The Privacy Act generally prevents such “threat assessments” — or any such collection or maintenance of records — if they are based on the exercise of rights protected by the First Amendment. The ACLU’s lawsuit, filed in 2014, alleges that the FBI’s sole reason for opening a “threat assessment” on antiwar.com was the fact that the website had published an FBI “watch list” and “suspect list” — i.e., publishing activity clearly protected by the First Amendment
In denying the ACLU’s Privacy Act claim, the lower court found that the FBI’s investigation fit into an exception to the Privacy Act’s First Amendment protections. Specifically, it found that the FBI could collect and maintain information about antiwar.com because the FBI investigation was an “authorized law enforcement activity.”
However, as FAC points out in its amicus brief, the “authorized law enforcement activity” exception to the Privacy Act’s protections does not apply to the FBI’s investigation of antiwar.com for the simple reason that there was no valid basis to conclude any law enforcement investigation was necessary. The document at issue, an FBI “watch list,” was not a classified document. It had already been distributed on the Internet and was available for anyone in the public to find. Therefore, the publication of the same document by antiwar.com presented no conceivable security threat; no investigation should have resulted.
If the Ninth Circuit upholds the district court’s decision, it would set a dangerous precedent that would allow the FBI to open up preliminary criminal investigations for the mere act of publishing documents the government would rather not have published. This is precisely the kind of government surveillance of journalists, activists and others that Congress sought to prevent with the 1974 passage of the Privacy Act, which followed the revelation of shocking abuses by the FBI, including routine and pervasive surveillance of individuals who had done little more than express or promote political views.
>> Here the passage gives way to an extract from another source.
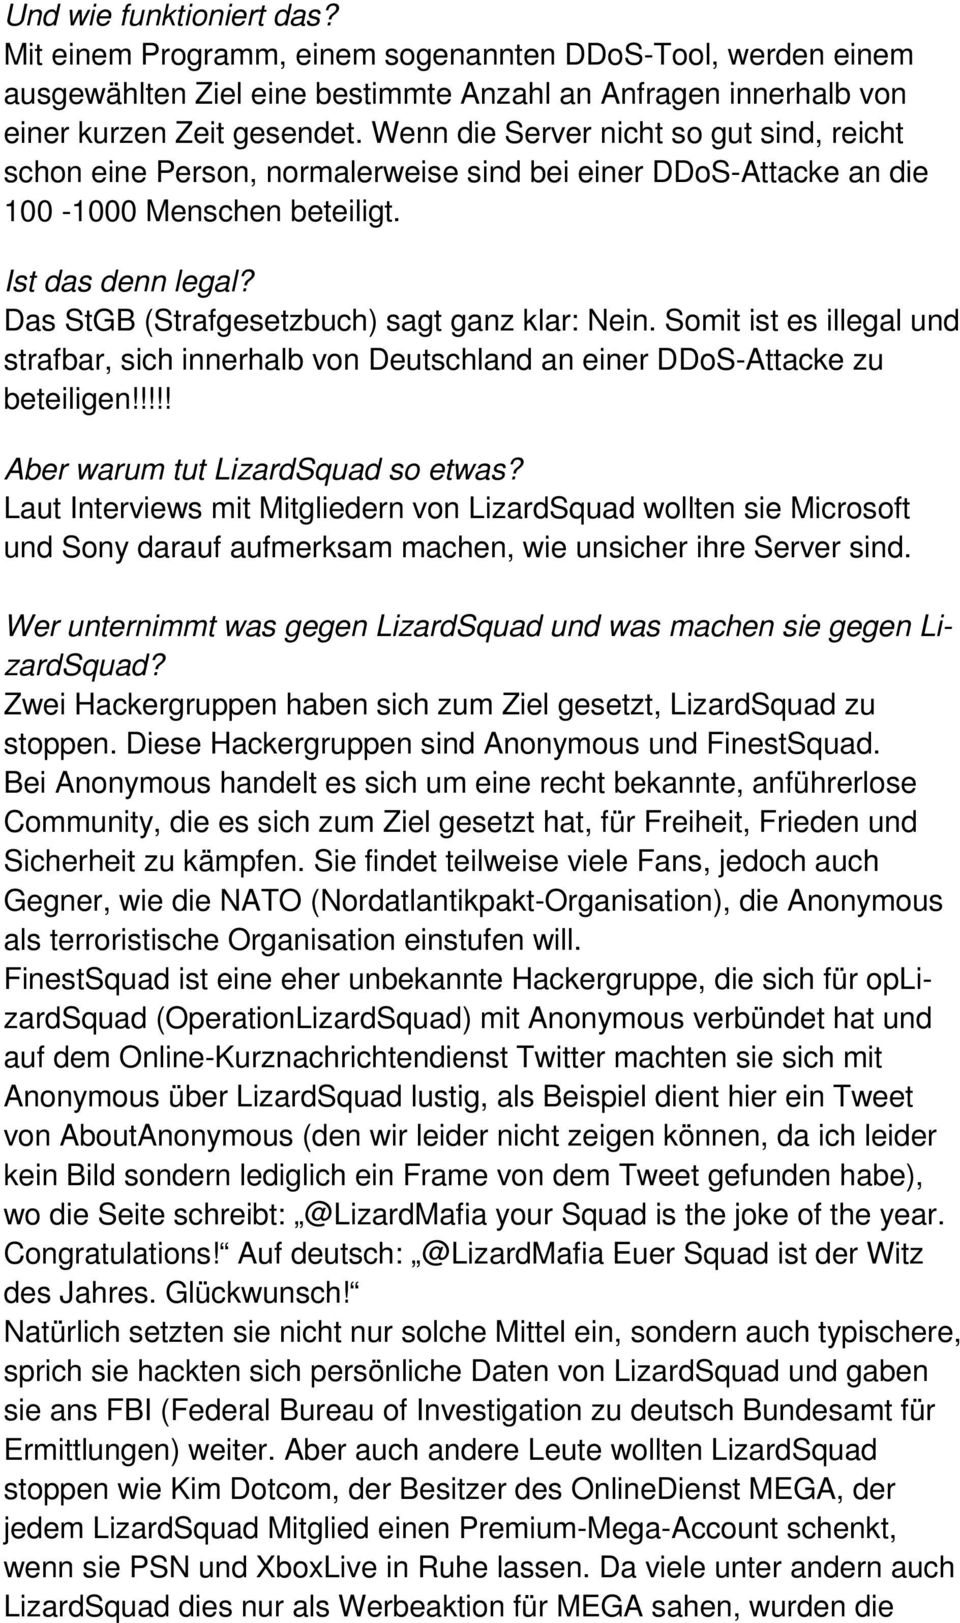 Das StGB (Strafgesetzbuch) sagt ganz klar: Nein. Somit ist es illegal und strafbar, sich innerhalb von Deutschland an einer DDoS-Attacke zu beteiligen!!!!! Aber warum tut LizardSquad so etwas?

“The publication of sensitive government information is critical for the most influential and important journalism — the kind of reporting that calls the government to account and exposes wrongdoing, corruption and malfeasance,” said FAC Executive Director David Snyder. “We strongly believe the court will come to the conclusion that this type of investigation into reporters is clearly unlawful.”
Adam Gershenson, David Houska and Maxwell Alderman of the law firm Cooley LLP prepared FAC’s amicus brief.
The case is Raimondo v. Federal Bureau of Investigation, Case No. 18-15416.